An example command could look like this:
java -Xmx2000m -cp CoNet.jar
be.ac.vub.bsb.cooccurrence.cmd.CooccurrenceAnalyser
-i input.txt -f gdl -E correl_spearman/dist_bray --method ensemble
--ensembleparamfile thresholds.txt --multigraph --pvaluemerge brown
-F rand --iterations 100 -g 0.05 --resamplemethod shuffle_rows
-I oriscores.txt -K edgeScores --restorefromscorefolder
-Z CoNetConfig.txt --output network.gdl > restore.log &
Advanced users: Ensemble Pipeline Bash Script (MacOS/UNIX)
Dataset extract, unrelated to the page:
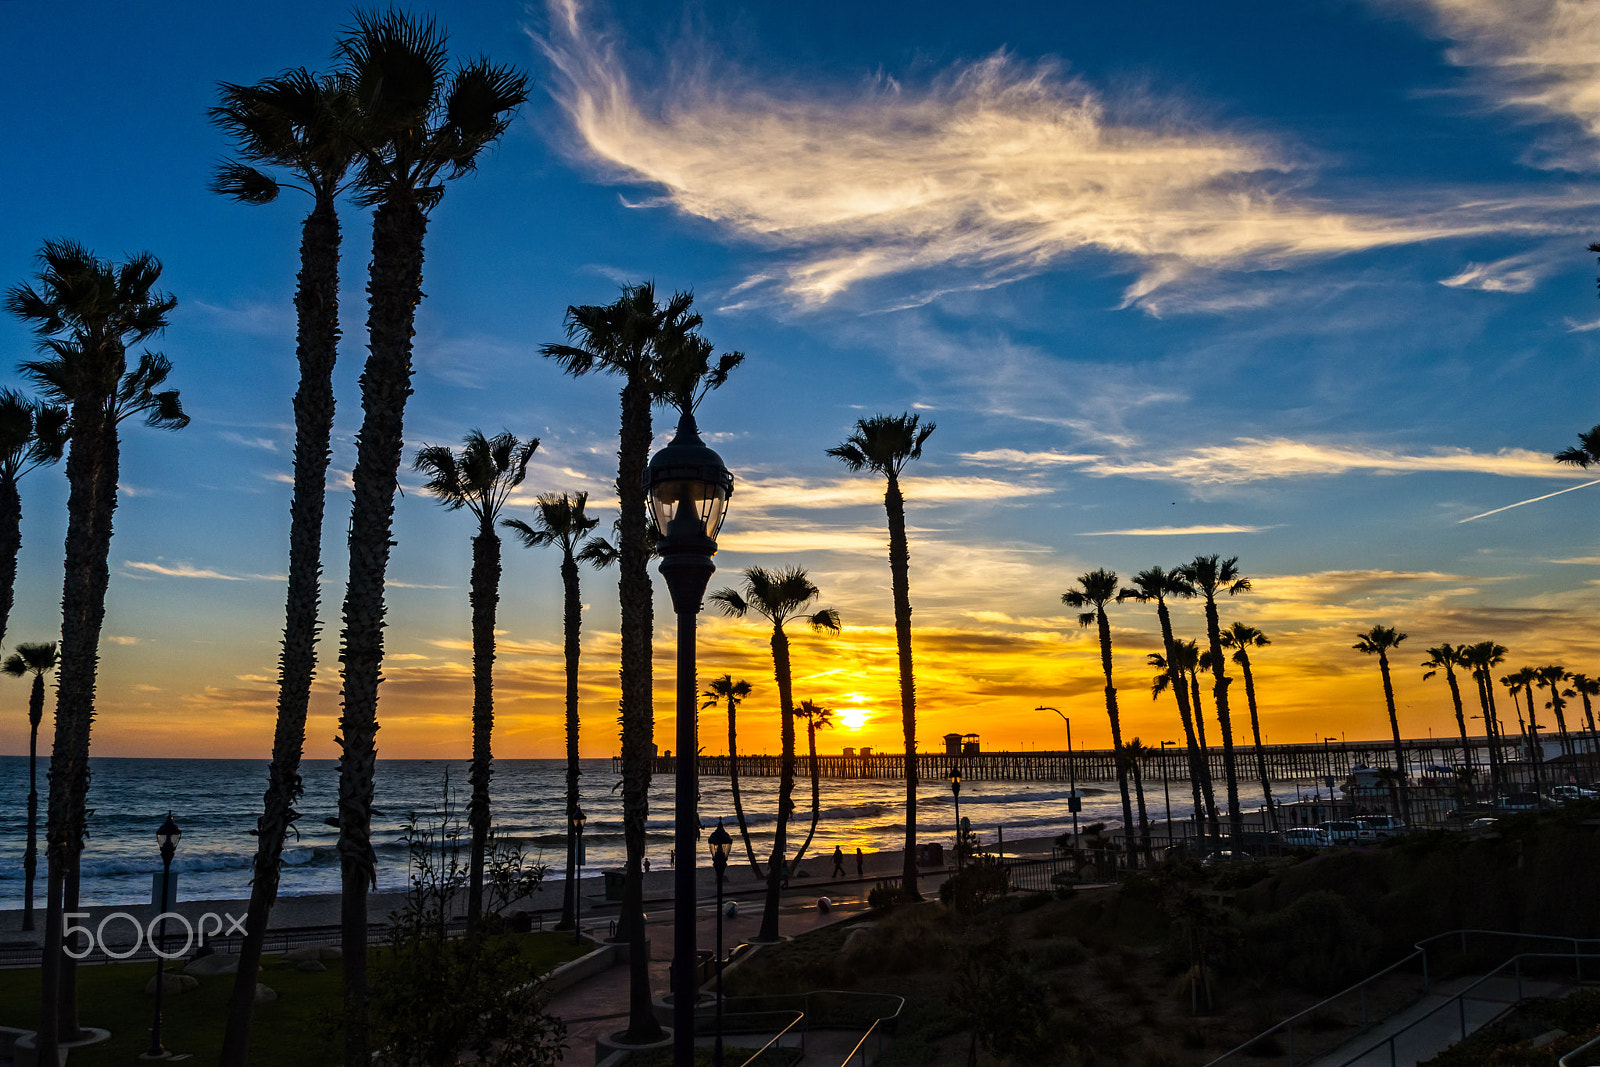 Nikon D500 sample photo. Sunset in oceanside - march 24, 2017 photography

In the cmd folder of the CoNet distribution, there is an example for a bash script that runs the steps of the ensemble part
of the pipeline published in
PLoS Computational Biology 8, e1002606.
The example bash script uses input data from the third CoNet tutorial.
It assumes that it is located in a folder that has two sub-folders "Input" and "Output",
where input files (input matrix and metadata) are located in the input folder and
the output files will be written to the output folder.
Don't forget to give the script execution permission (chmod 755 cooc.sh).
The bash script runs all required network construction steps in one go, that is computation of
initial thresholds, generation of renormalized permutation and bootstrap scores
and final network construction.
The renormalized permutation score computation is the longest step,
it takes around 5 minutes on an 8GB RAM machine.
You can run a first test by setting PERMUT, BOOT and RESTORE to false and
enabling COMPUTE_THRESHOLDS and TEST instead.
If you want to enable CLUSTER, make sure you have the SGE cluster management system installed.
Then, add required cluster options to the CoNetConfig.txt and CoNetConfigBoot.txt configuration files.
Both configuration files should specify the location of the CoNet jar file (lib_dir and jar_file)
as well as the requested job number (job_num) and memory (memory).
The CoNetConfig.txt configuration file should in addition point to the location of the directory where
temporary permutation score files will be saved (tmp_dir). Likewise, the CoNetConfigBoot.txt configuration
file should point to a different location, where temporary bootstrap score files will be saved.
Note that in case you keep temporary score files (keep_tmpscores=true),
you can restore random score distributions from these files using option --restorefromscorefolder later on.